Eastern Cape MEC for Sports, Recreation, Arts and Culture
- In office 29 May 2019 – 16 August 2022
- Premier: Oscar Mabuyane
- Preceded by: Bulelwa Tunyiswa
- Succeeded by: Nonceba Kontsiwe

Member of the Eastern Cape Provincial Legislature
- Incumbent
- Assumed office 21 May 2014
- In office 6 May 2009 – 2010

Personal details
- Born: Fezeka Nkomonye 29 August 1981 (age 44)
- Party: African National Congress South African Communist Party
- Alma mater: University of Durban-Westville (BA)
- Occupation: Politician

= Fezeka Nkomonye-Bayeni =

South African politician

Fezeka Nkomonye-Bayeni (born 29 August 1981) is a South African politician who served the Member of the Executive Council (MEC) for Sports, Recreation, Arts and Culture in the Eastern Cape from 2019 until 2022. She has been a member of the Eastern Cape Provincial Legislature since 2014, and previously from 2009 to 2010. Nkomonye-Bayeni is a member of the African National Congress.
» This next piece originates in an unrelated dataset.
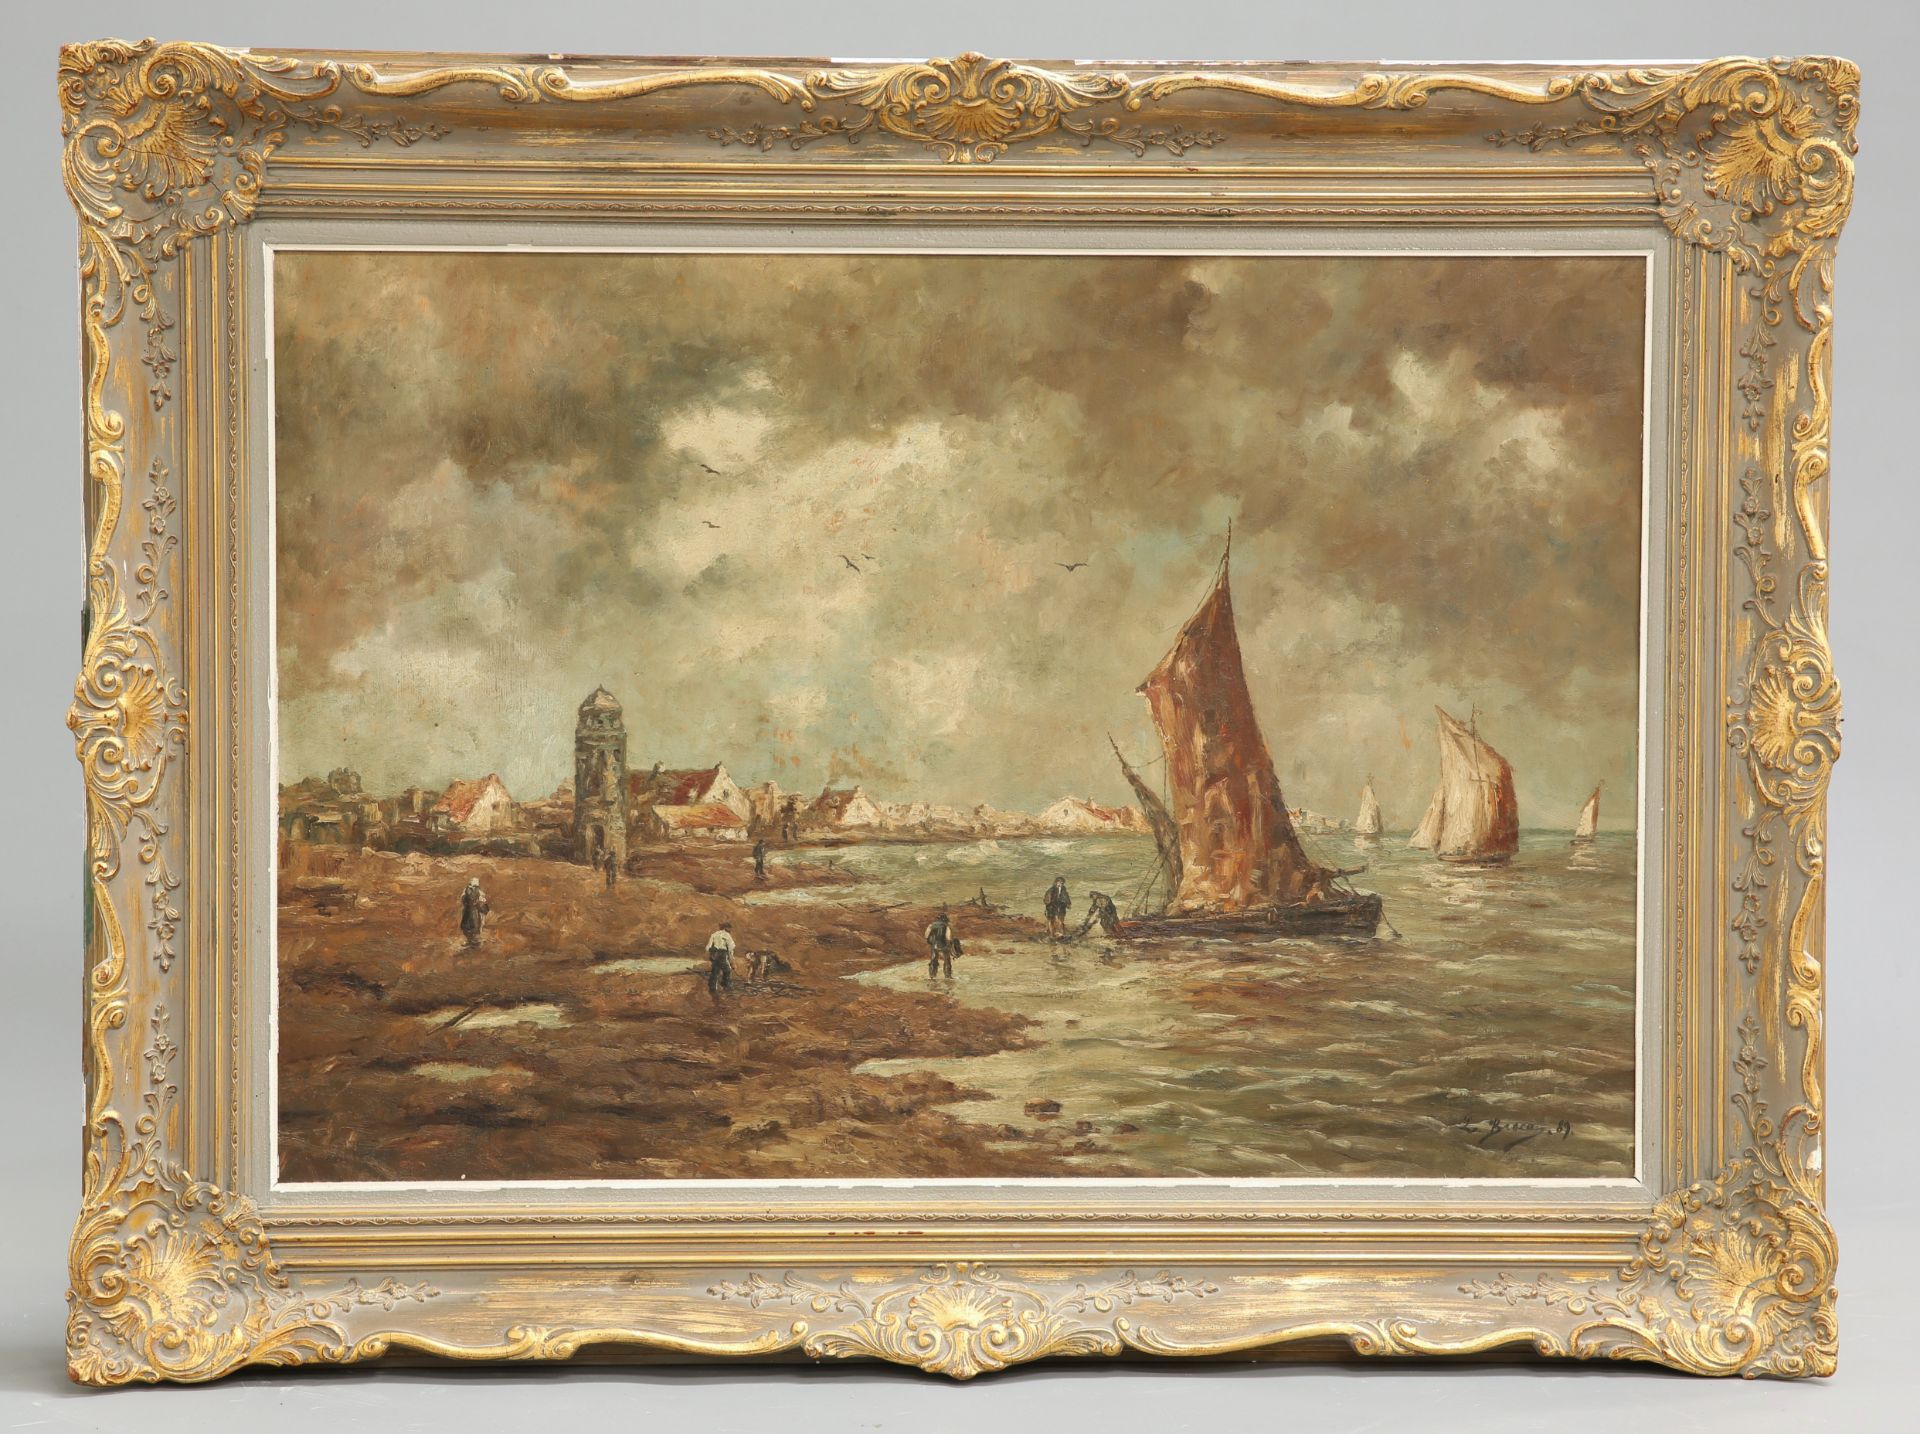 FLEMISH SCHOOL, FISHERMEN AND BOATS ON THE SHORE - Image 2 of 2

==Early life and education==
Nkomonye-Bayeni was born on 29 August 1981. She earned a Bachelor of Arts (BA) degree from the University of Durban-Westville. She is currently studying for a Master's degree in Development Studies through Nelson Mandela Metropolitan University.

==Political career==
Nkomonye-Bayeni had worked as a Senior Operations Officer at the Ingquza Hill Local Municipality. In 2009 Nkomonye-Bayeni was elected as a Member of the Eastern Cape Provincial Legislature as a member of the African National Congress. She was the youngest legislator elected in the election. In 2010 she resigned from the legislature to take up the position of head of the ministry in the office of the Member of the Executive Council (MEC) for the Eastern Cape Department of Provincial Planning and Treasury.
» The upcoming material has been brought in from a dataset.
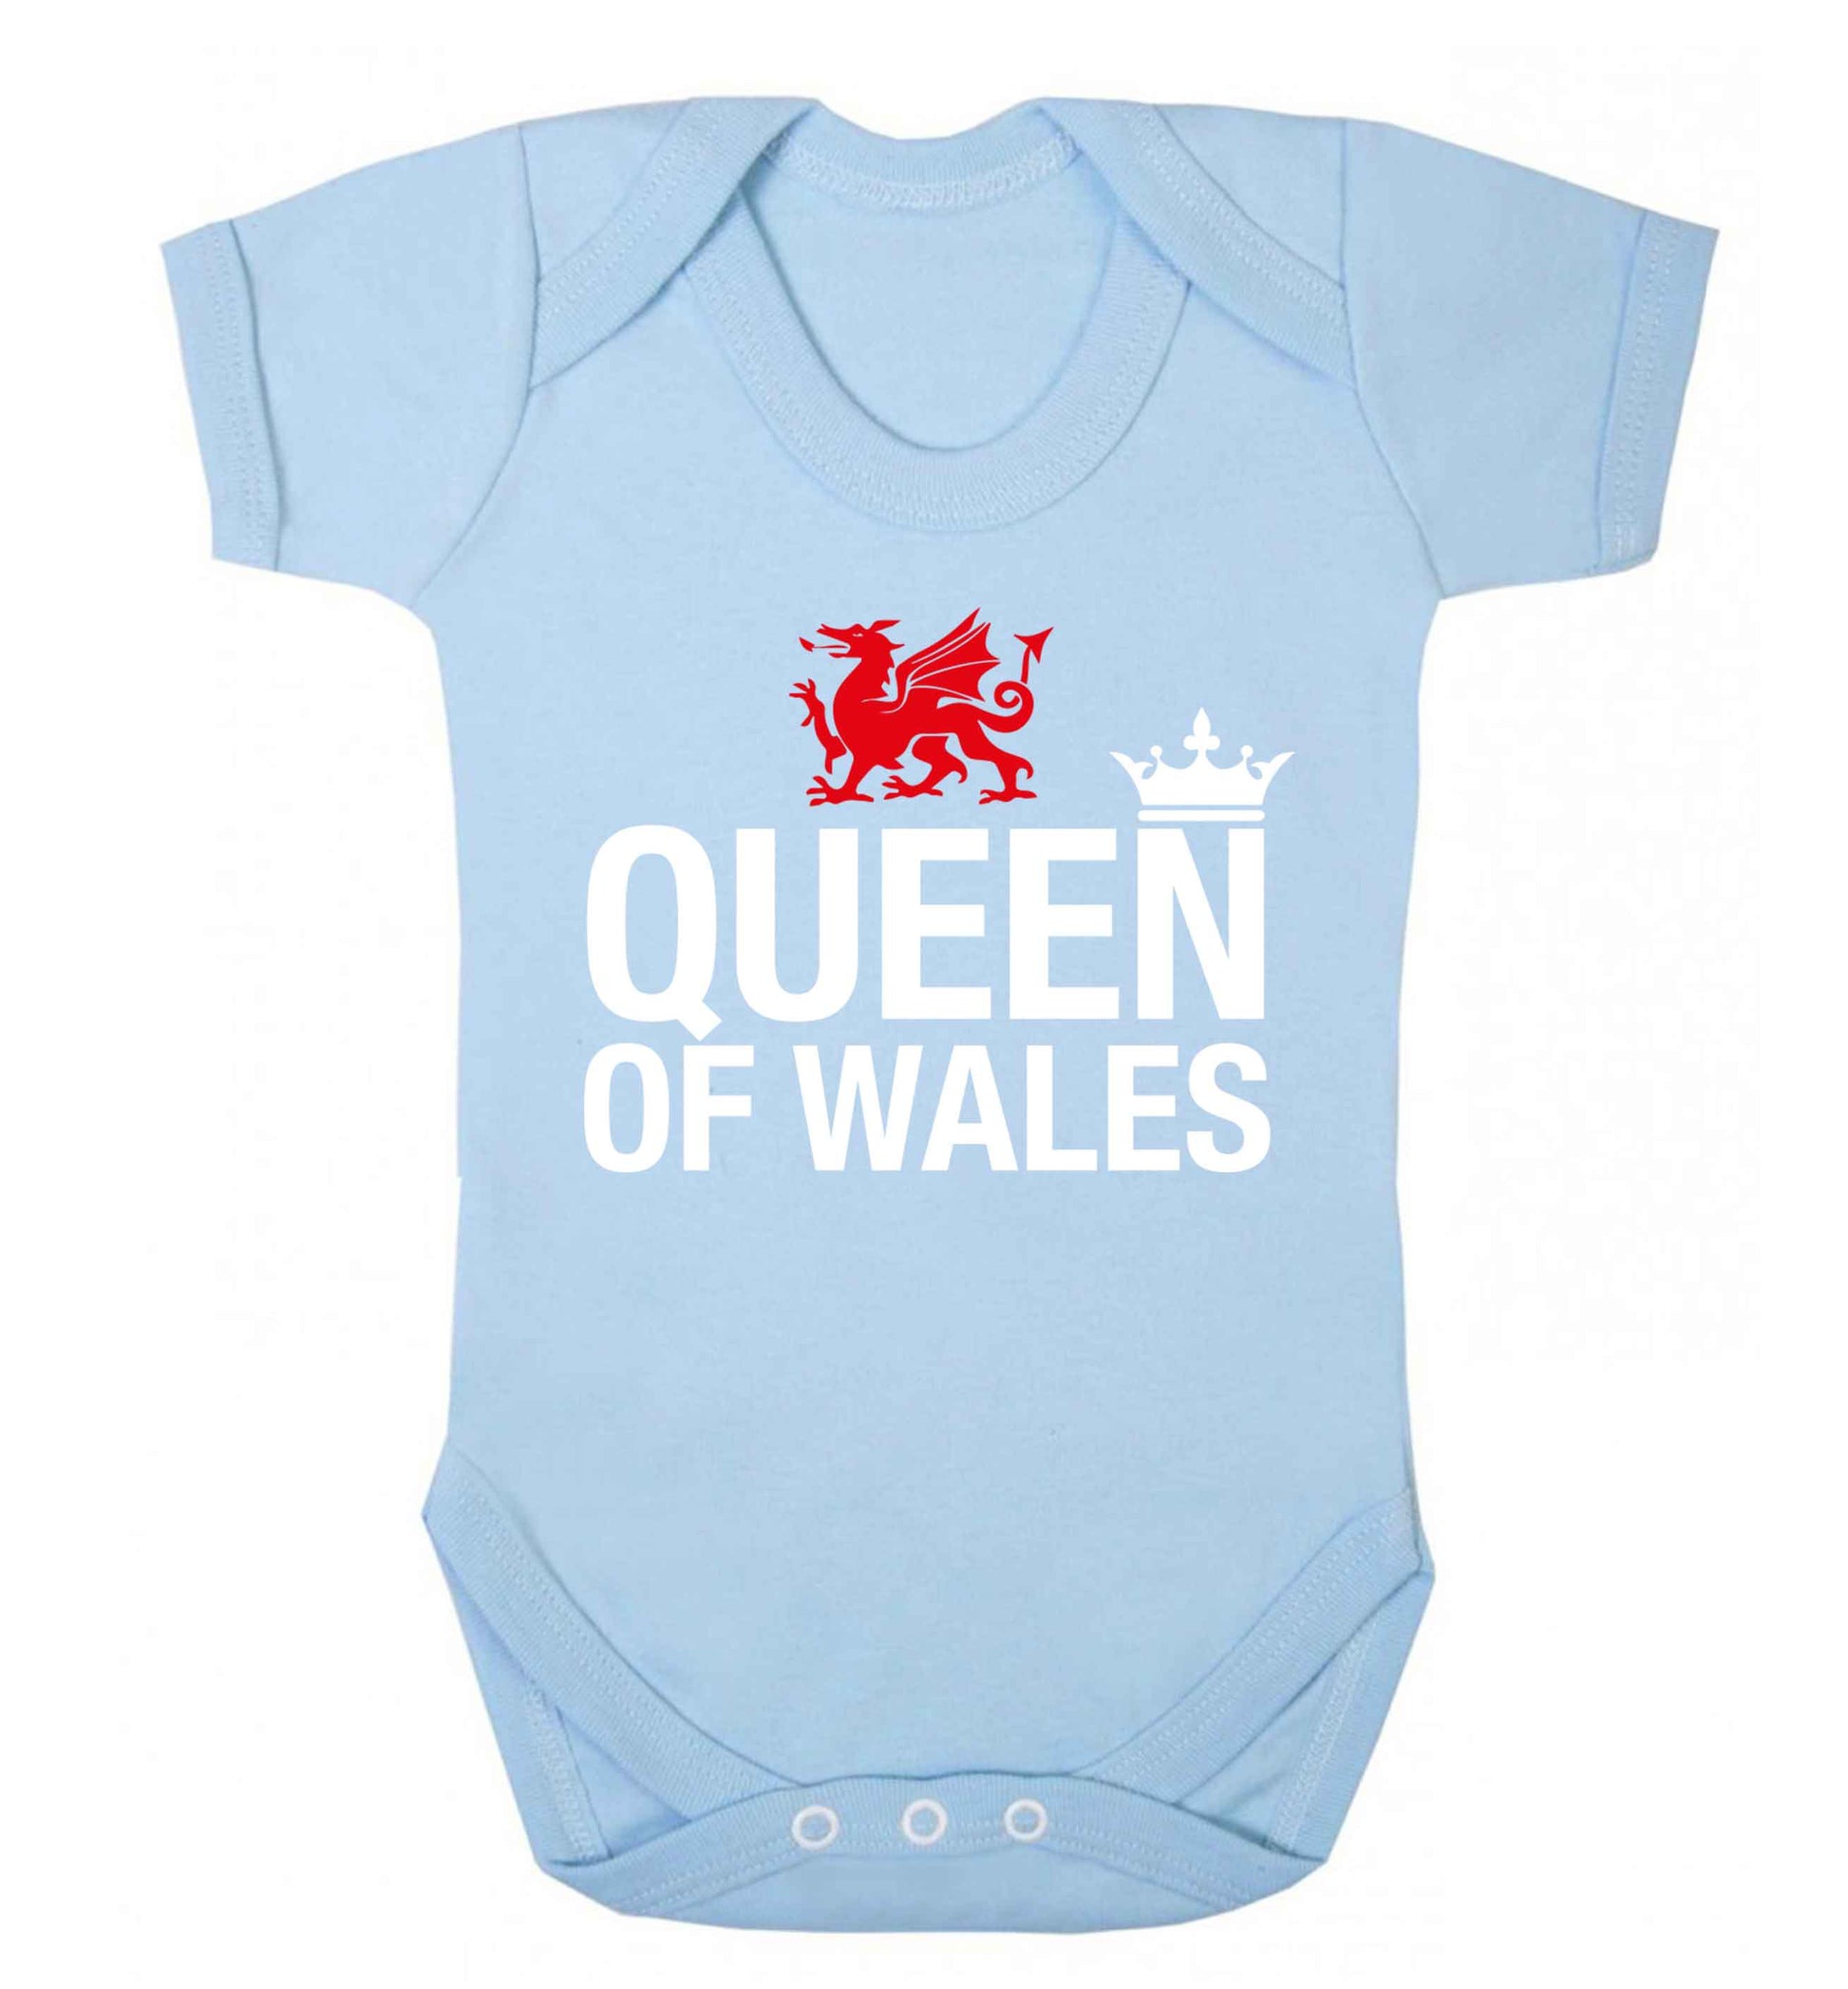 Queen of Wales Baby Vest pale blue 18-24 months

In 2014 Nkomonye-Bayeni was elected to return to the legislature. She was a member of the women's caucus, public accounts, oversight, public works, finance and provincial expenditure, and sports, recreation, arts, and culture committees. After her re-election in 2019, Nkomonye-Bayeni was appointed MEC for Sport, Recreation, Arts and Culture. On 18 June 2021, Nkomonye-Bayeni inaugurated the Eastern Cape Provincial Geographical Names Committee (ECPGNC) council in Bhisho, the provincial capital.

On 16 August 2022, Nonceba Kontsiwe was announced as the new MEC for Sports, Recreation, Arts and Culture, succeeding Nkomonye-Bayeni.
==Personal life==
Nkomonye-Bayeni is a runner and has participated in multiple marathons. She tested positive for COVID-19 in November 2020, during the COVID-19 pandemic in South Africa.